> **PROBLEM DESCRIPTION**
When you return the material, keep every line exactly as it is and omit the pictures.

> **GIVEN INFORMATION**
++++++++

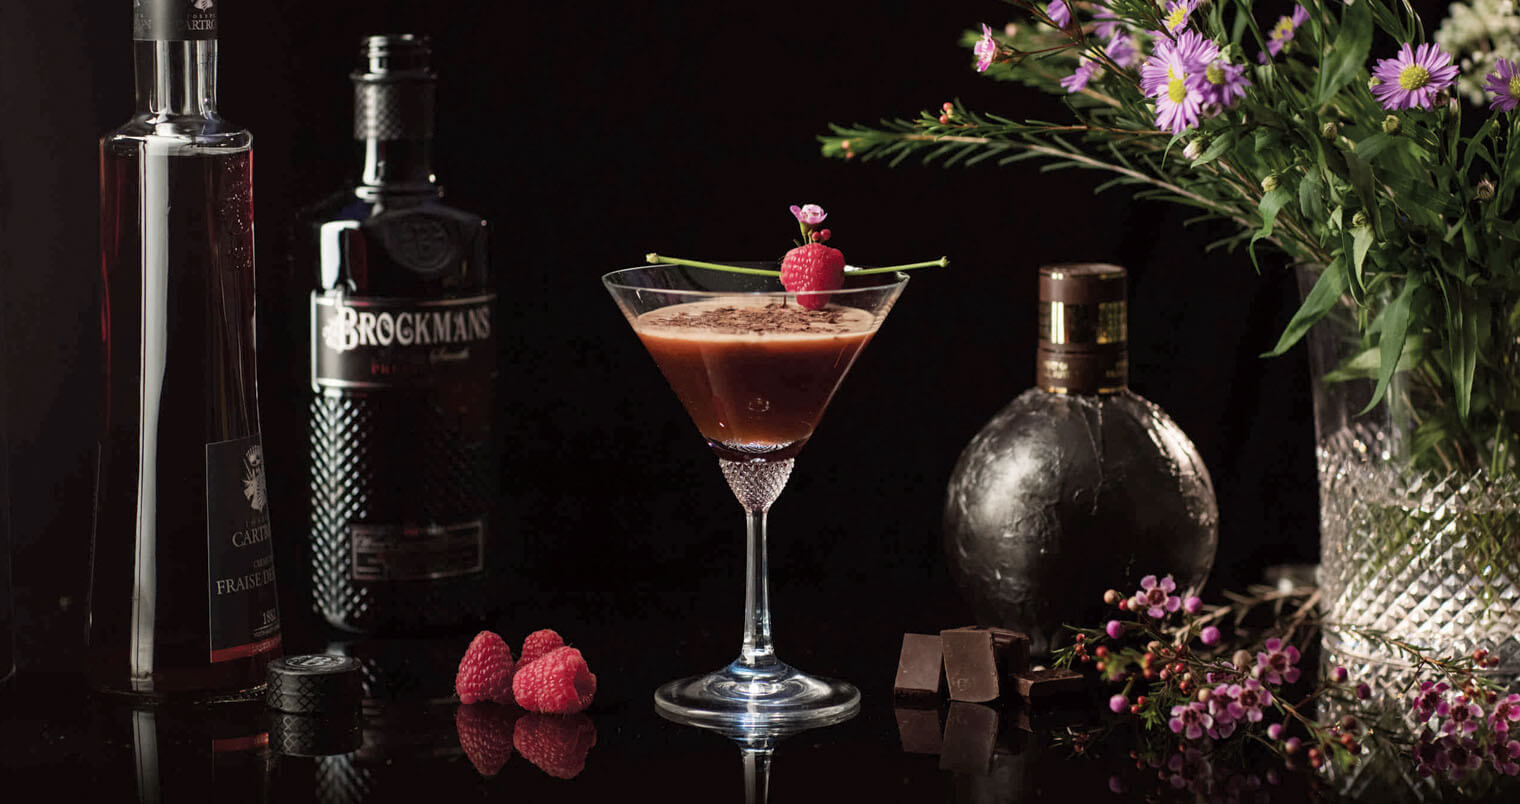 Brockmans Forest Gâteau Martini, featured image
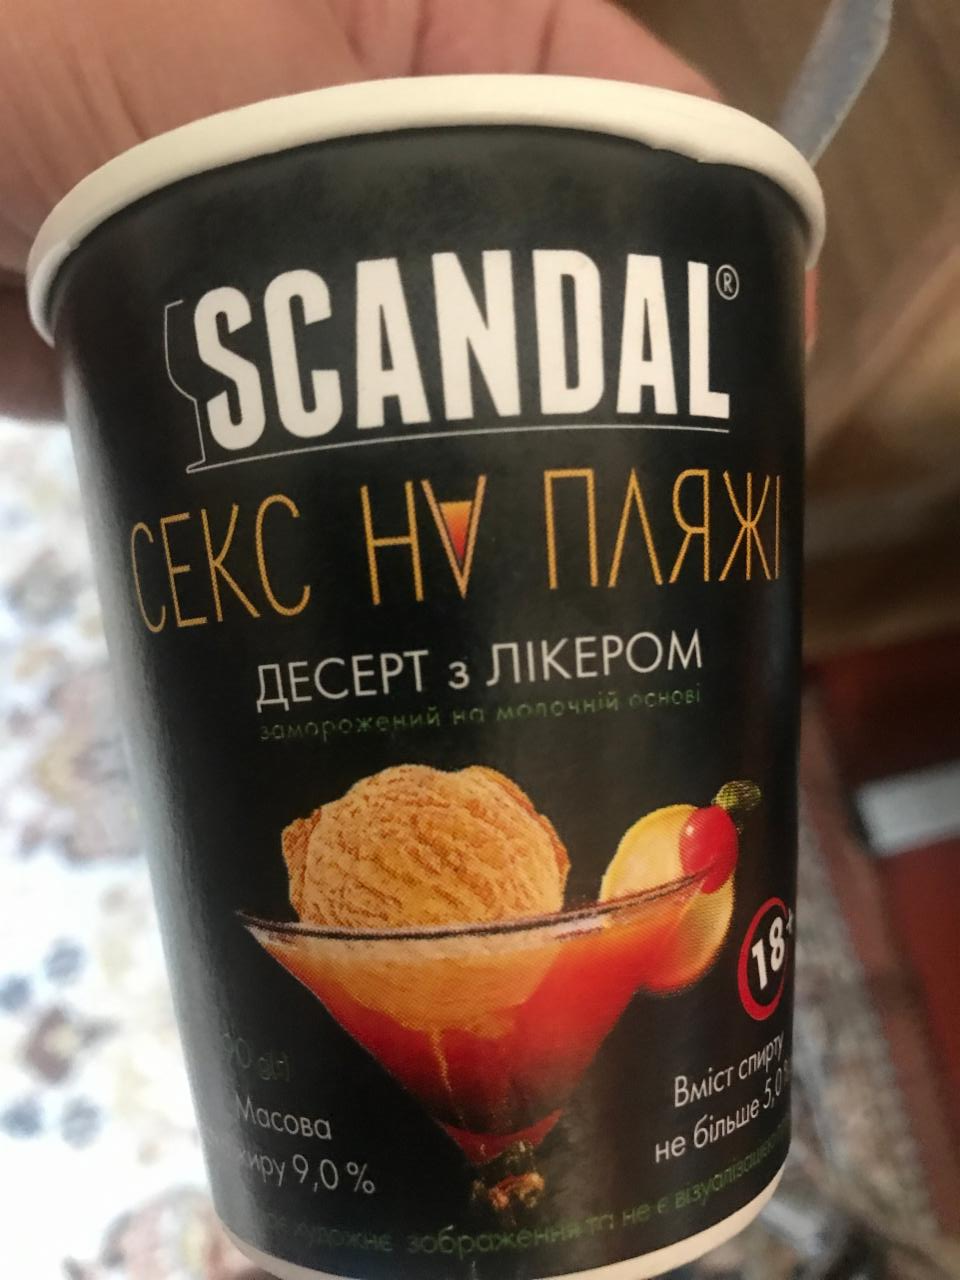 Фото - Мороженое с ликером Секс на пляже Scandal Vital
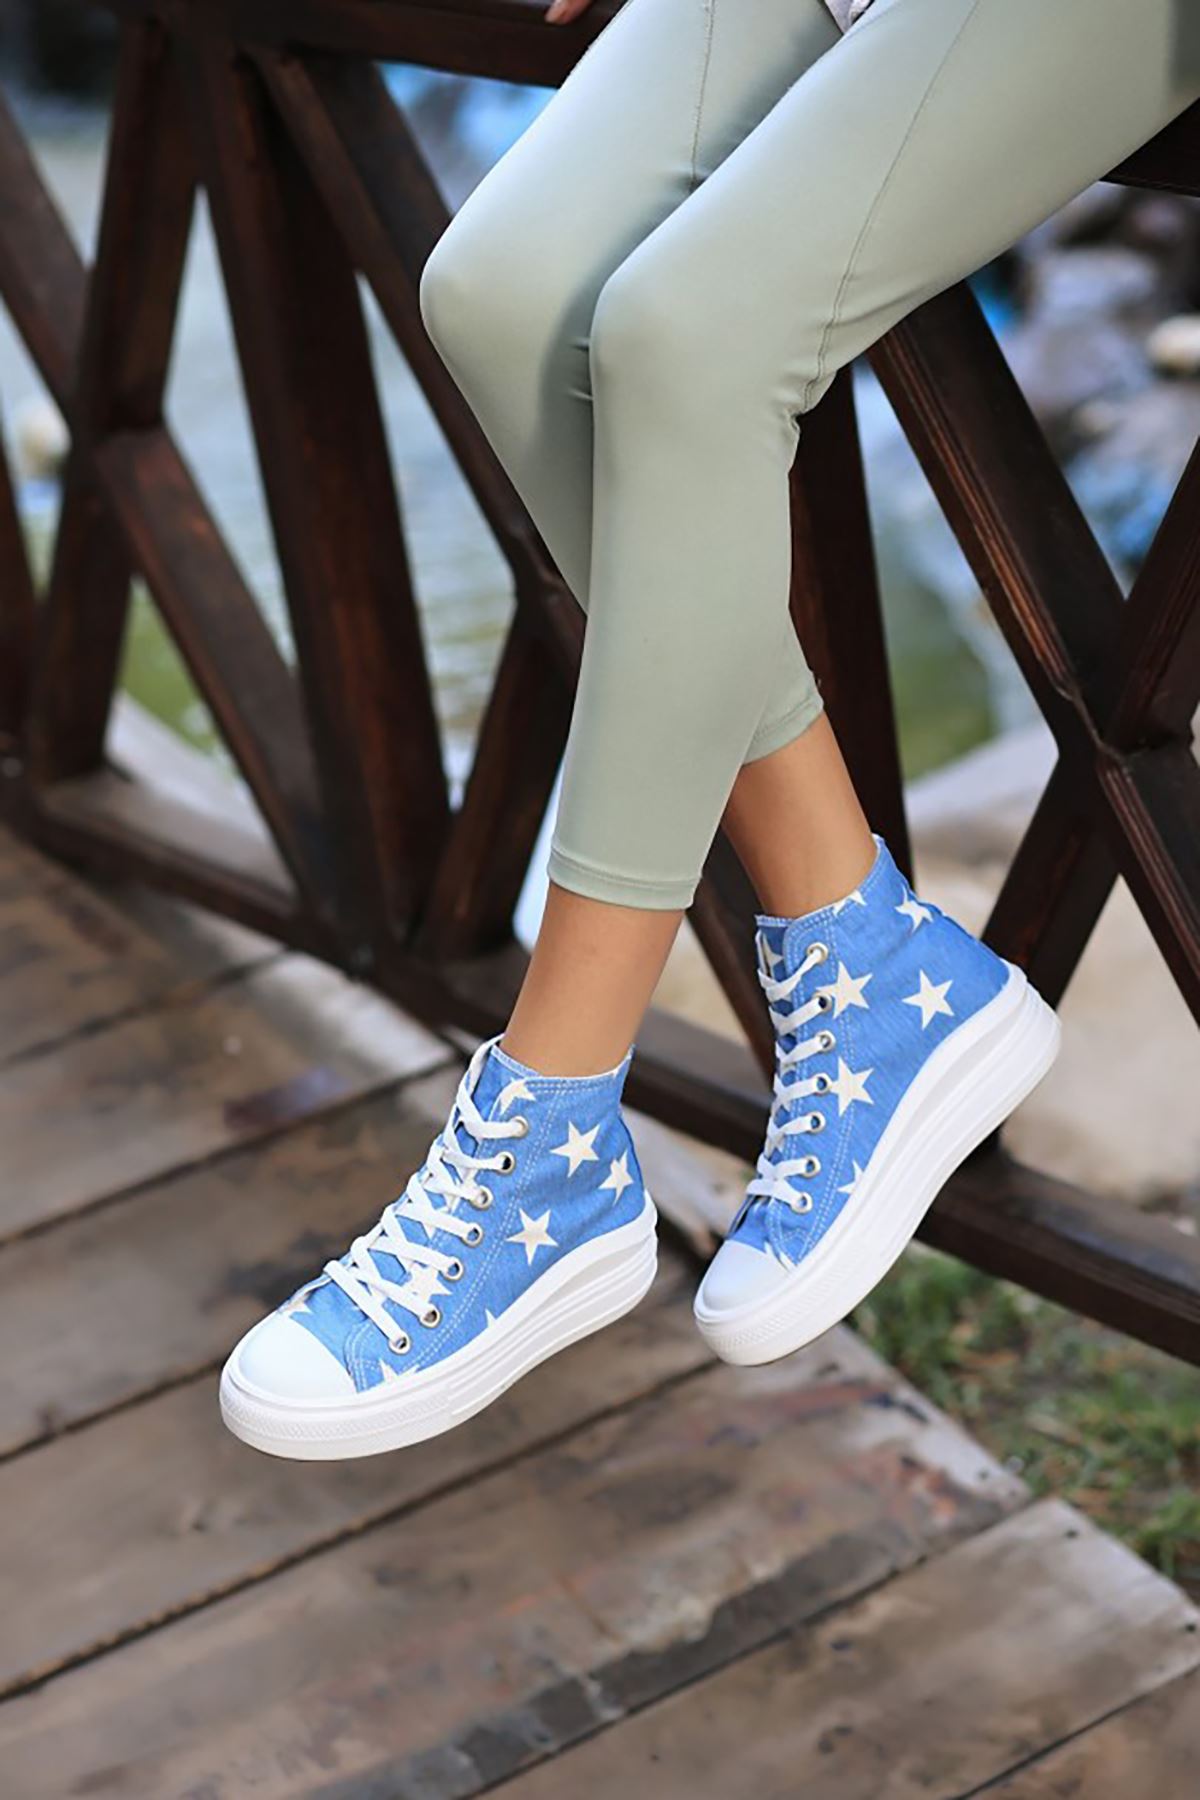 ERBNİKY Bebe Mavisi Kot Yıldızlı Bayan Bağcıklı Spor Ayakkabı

++++++++

> **RESULT FOR THIS TASK**
 Brockmans Forest Gâteau Martini, featured image
 Фото - Мороженое с ликером Секс на пляже Scandal Vital
 ERBNİKY Bebe Mavisi Kot Yıldızlı Bayan Bağcıklı Spor Ayakkabı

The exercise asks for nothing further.